World Health assembly to discuss fat issues

By Vibha Varshney
Published: Thursday 15 May 2008

-- Of the many issues that will be discussed at the 61st World Health Assembly in Geneva this month, prevention and control of non-communicable diseases is what the food industry will be following closely. Its future, and growth plan, will depend on the outcome of the deliberations in Geneva. The World Health Organization, which organizes the assembly every year, will steer discussions towards a definitive action plan on the implementation of the global strategy on diet, physical activity and health endorsed in 2004 (see Fat Chance, Down To Earth, May, 15, 2004).

Till date, the industry has not been under any compulsion to adhere to the standards set by who for fats and added sugar. These two ingredients have been identified as major contributors to the obesity epidemic worldwide and who suggests that fats and sugar should contribute less than 30 and 10 per cent of the total calorie intake in a day.

In preparation to the health assembly, who has been holding a series of meetings this year--with governments of member states, ngos and also industry. Though details of what transpired in these meetings is not open to public, those who have been following these meetings say that standards related to fats and sugar was the focus in meetings with industry representatives. The ngo consultations have been over implementation of the prevention strategy with an emphasis on monitoring marketing strategies.

Toothless regulation
The progress has been slow in the last four years, since 192 member countries endorsed the global strategy. "The Bush government is doing virtually nothing. The action so far is local and specific to the states," says Walter Willett, professor of epidemiology and nutrition at Harvard School of Public Health. This is also the case in other countries; governments have been dragging their feet and few have gone beyond banning tv advertisements targeting children to look at major regulatory shifts, subsidy shifts and taxation. In uk, the government did set up guidelines to monitor advertising to children but failed to control it during the prime time.

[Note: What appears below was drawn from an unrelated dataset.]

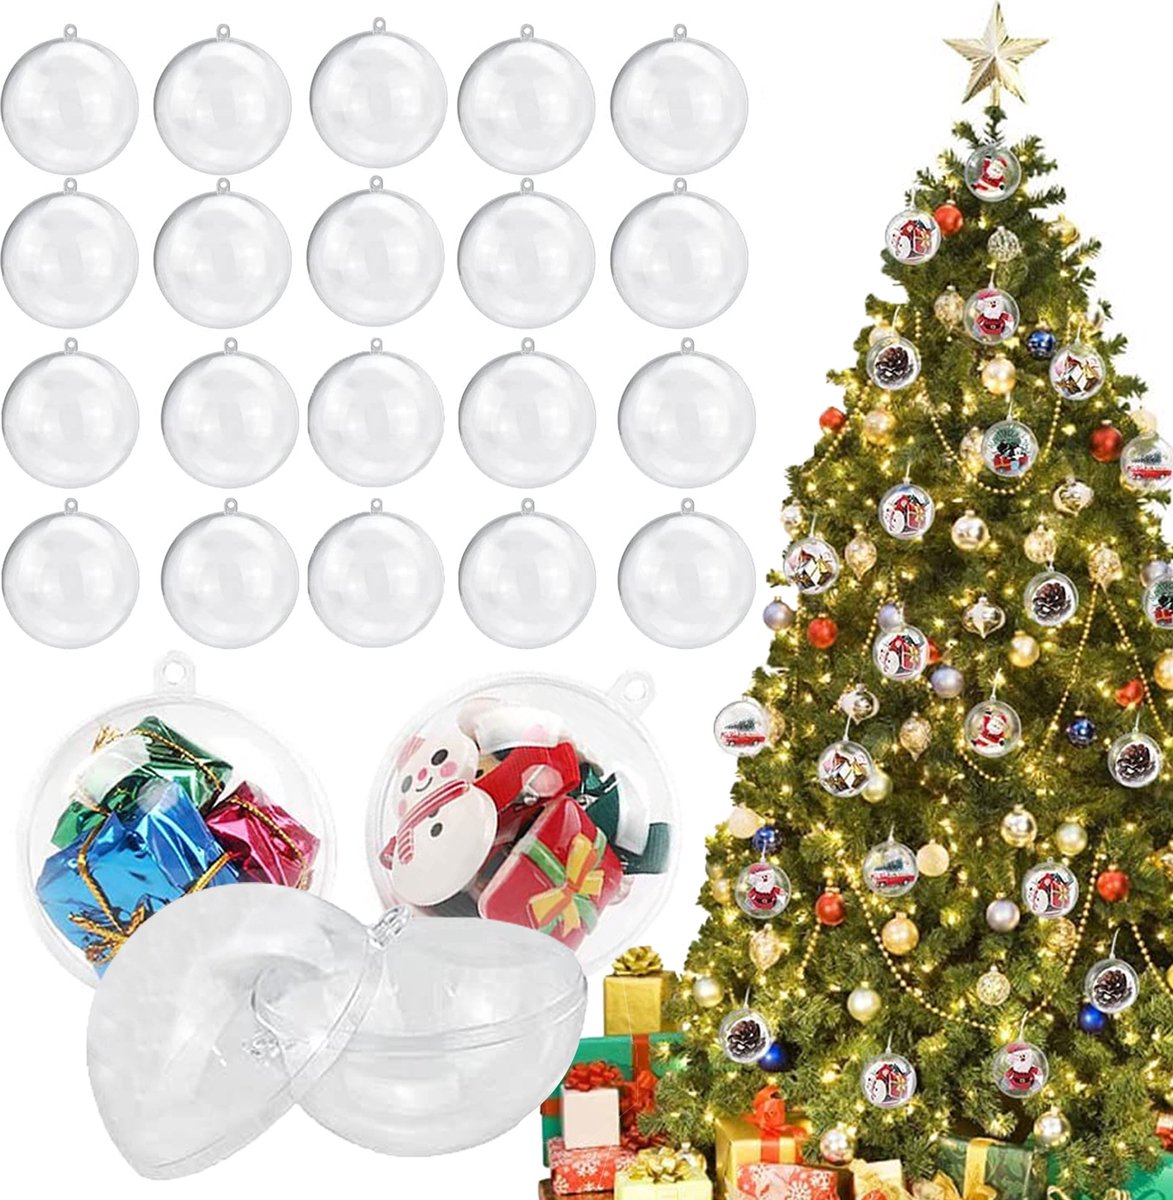 Uten - Kerstballen Plastic - kerstboom versiering - Christmas Gifts - kerstballenset - 20 stuks - kerstboom ballen - Ø5cm - wit

Organisations too have adopted arbitrary standards, believes Neville Rigby, director of policy and public affairs, International Obesity Task Force, uk. He gives the example of Alliance for a Healthier Generation, a partnership between the American Heart Association and the Clinton Foundation. "It considers 35 per cent fat and 35 sugar to be 'healthy'."

Industry, on the other hand, has been lobbying to deregulate. In Mexico, the beverage guidance panel set up by the secretary of health has put down water as the preferred beverage, followed by low fat and skimmed milk. The least priority is given to nutrient poor beverages such as soft drinks. The panel recommends measures such as removing caloric beverages, except skimmed milk, from schools and taxing added sugar in beverages. "The milk industry is lobbying hard to stop the introduction of skimmed milk," reveals Barry M Popkin, director, Interdisciplinary Obesity Program, University of North Carolina at Chapel Hill, us and also a part of the panel. The industry feels that the provision of taxing the fat in the milk would affect profits. In Mexico, rates of changes in obesity have been the fastest documented globally. From 1988 to 2006, obesity in women, between the age of 20 and 49 years, increased from 9.5 per cent to 32.4 per cent.

In India, though the government had consultations in 2006 and came up with a national plan of action to implement the strategy, industry has only paid lip service. Arvind Varma, secretary general, Indian Soft Drinks Manufacturers' Association, says that the industry is "committed to working with all the stakeholders as recommended by who." Identified as highly obesogenic, the beverages industry puts down various portion sizes, juices and low or zero calorie products as its contribution towards creating healthy food habits.

PepsiCo India says that their food is healthy as they use rice bran oil in their brands like Lays, Kurkure, Cheetos, Uncle Chips and Lehar, which results in reduction of saturated fats by 40 per cent. But they continue to advertise indiscriminately to children simply because marketing rules in the country are very generic, says Bejon Misra, executive director, Consumer Voice, an ngo representing consumer rights in India. The changes that the industry has brought about are more of a marketing gimmick than efforts to sell wholesome food, he adds. It is debatable whether shifting to rice bran oil makes potato chips a healthy choice.

On the question of influencing choice, consumer organizations around the world have presented an international code for marketing, which is enforced in all countries. Arne Astrup, President of the International Association for the Study of Obesity, says "Voluntary measures and individual pledges from some companies offer inadequate protection when children are being targeted on the Internet, by mobile phone as well as via television."

The stakes are high for India. It is the target for expansion of many food giants. Yum! Brands, for example, plans to set up 100 kfc outlets in India by 2010. McDonald's India plans to add 40 more outlets in 2008. Ten of these have already opened. Being overweight and obese is a risk factor for chronic diseases like type 2 diabetes, cardiovascular disease, hypertension and stroke. It is estimated that in 2015, 21.2 per cent women and 23.9 per cent men will be overweight in India.